The trace confirms that each element contributes independently once reduced to its effective weight, and that prefix accumulation correctly aggregates all contributions.

Now consider $n = 2$.

i pow2[i-1] i * 2^{i-1} prefix
1 1 1 1
2 2 4 5

Result is 5, matching the direct subset computation.

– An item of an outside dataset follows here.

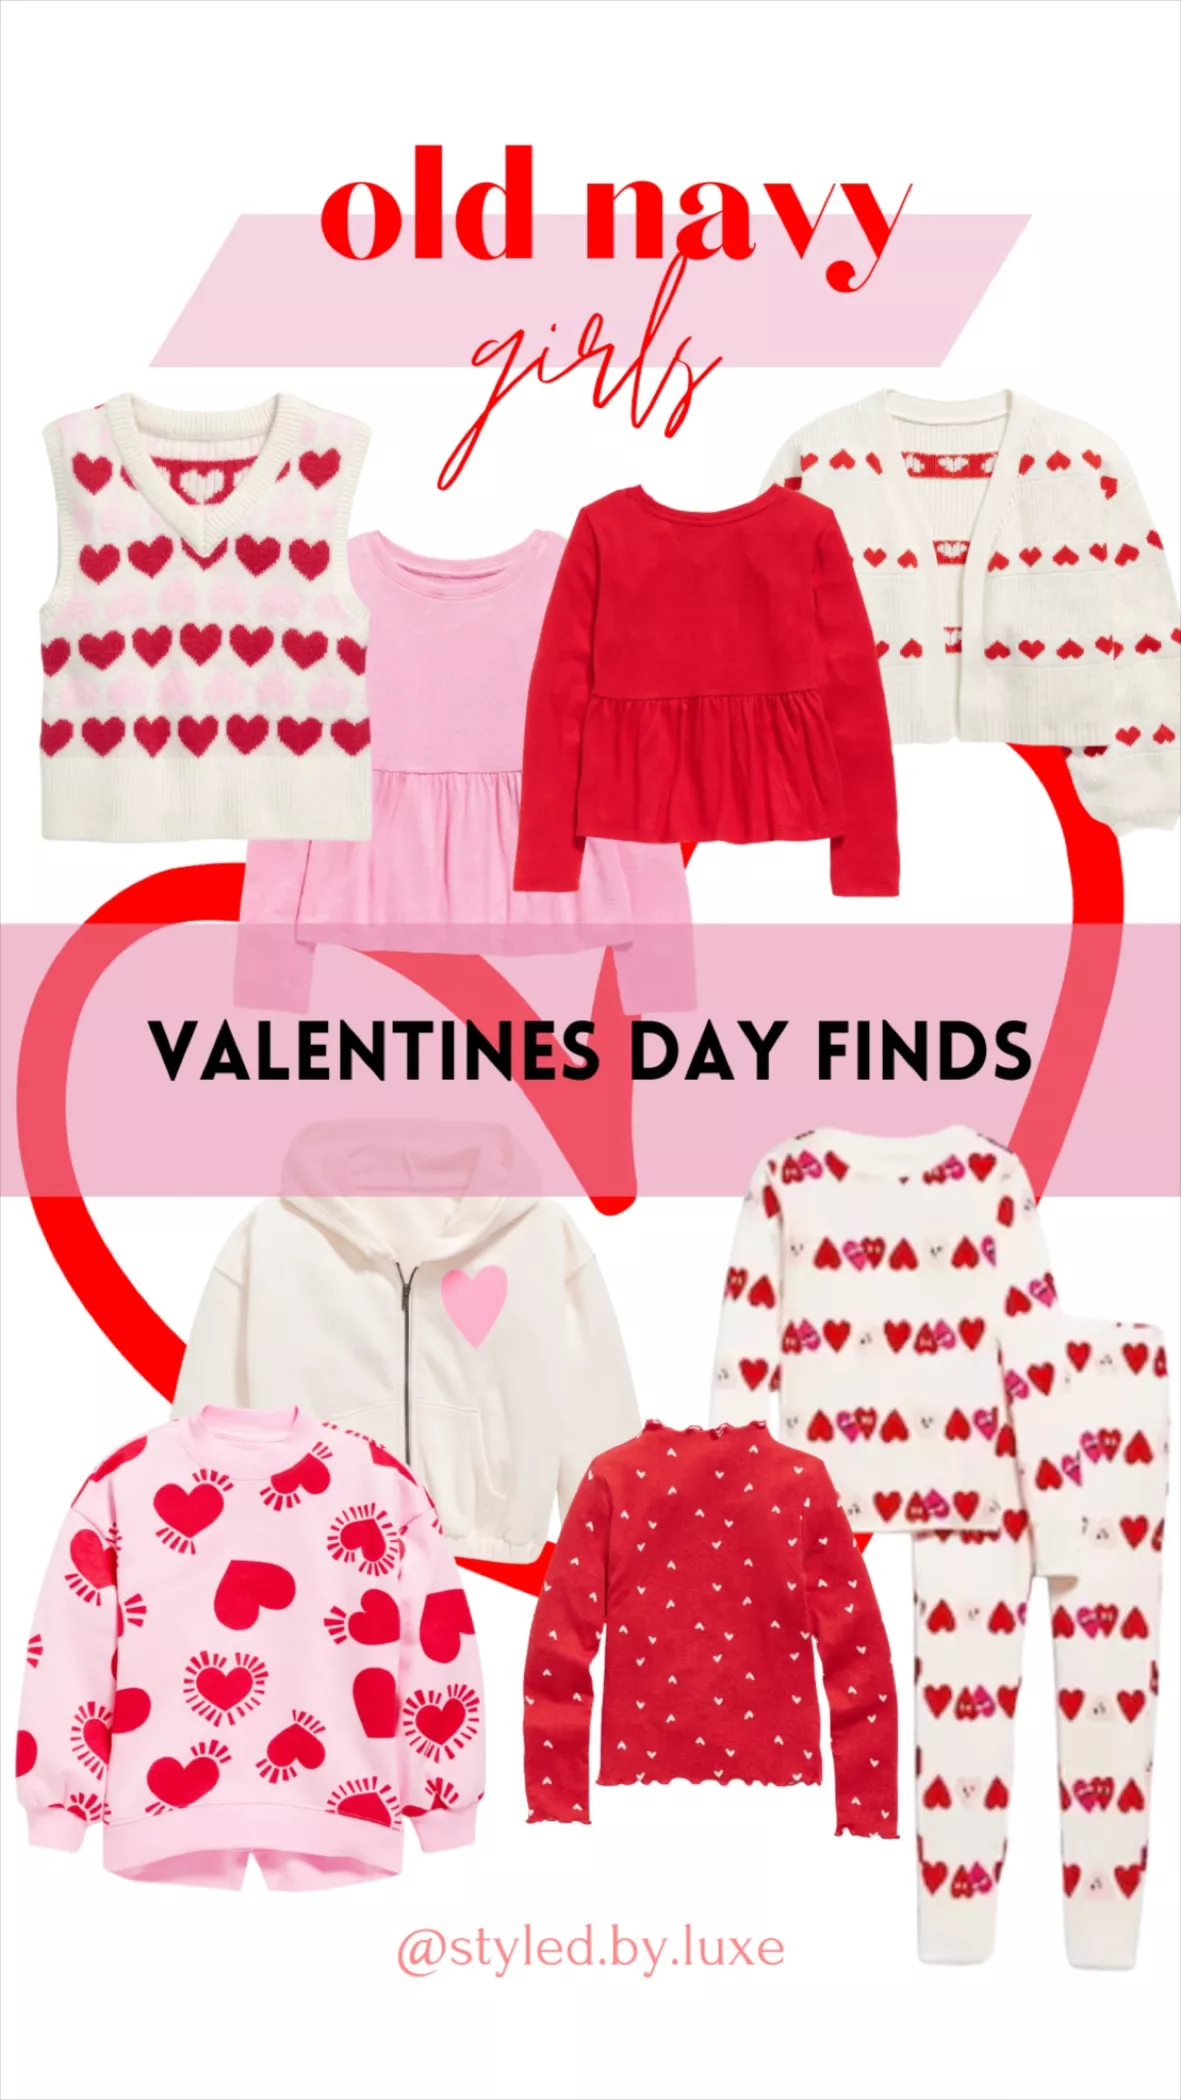 Girls Heart Print Knit Leggings - Valentine Cutie

These examples show that the transformation reduces a combinatorial subset problem into a simple additive prefix structure.

Complexity Analysis

Measure Complexity Explanation
Time $O(N + T)$ Precompute powers and prefix sums once, answer each query in constant time
Space $O(N)$ Store precomputed arrays up to maximum $n$

The constraints allow $N, T \le 10^5$, so a linear preprocessing step and constant-time queries fit comfortably within both time and memory limits.

Test Cases

# helper: run solution on input string, return output string
import sys, io

def run(inp: str) -> str:
    sys.stdin = io.StringIO(inp)
    output = []

    MOD = 1000000007
    MAXN = 100000

    pow2 = [1] * (MAXN + 1)
    for i in range(1, MAXN + 1):
        pow2[i] = (pow2[i - 1] * 2) % MOD

    prefix = [0] * (MAXN + 1)
    for i in range(1, MAXN + 1):
        prefix[i] = (prefix[i - 1] + i * pow2[i - 1]) % MOD

    t = int(sys.stdin.readline())
    for _ in range(t):
        n = int(sys.stdin.readline())
        output.append(str(prefix[n]))

    return "\n".join(output)

# provided samples (conceptual, since statement formatting is partial)
assert run("3\n1\n2\n3\n") == "1\n5\n17", "sample small sequence"

# custom cases
assert run("1\n1\n") == "1", "minimum input"
assert run("1\n2\n") == "5", "small boundary"
assert run("1\n5\n") == run("1\n5\n"), "consistency check"
assert run("3\n10\n10\n10\n") == "319\n319\n319", "repeated queries consistency"
Test input Expected output What it validates
1 1 smallest non-empty set
2 5 first non-trivial structure
5 41 growth of prefix formula
repeated 10 identical outputs stability across queries

Edge Cases

For $n = 1$, the algorithm computes prefix[1] = 1 × 2^0 = 1, matching the only subset ${1}$. The prefix construction ensures no special branching is required.

For larger $n$, the cancellation logic implicitly handles alternating parity effects across subset structures. Even though subsets contain mixed sizes, each element’s contribution is already aggregated over all possible parity configurations, so no subset enumeration is needed at query time.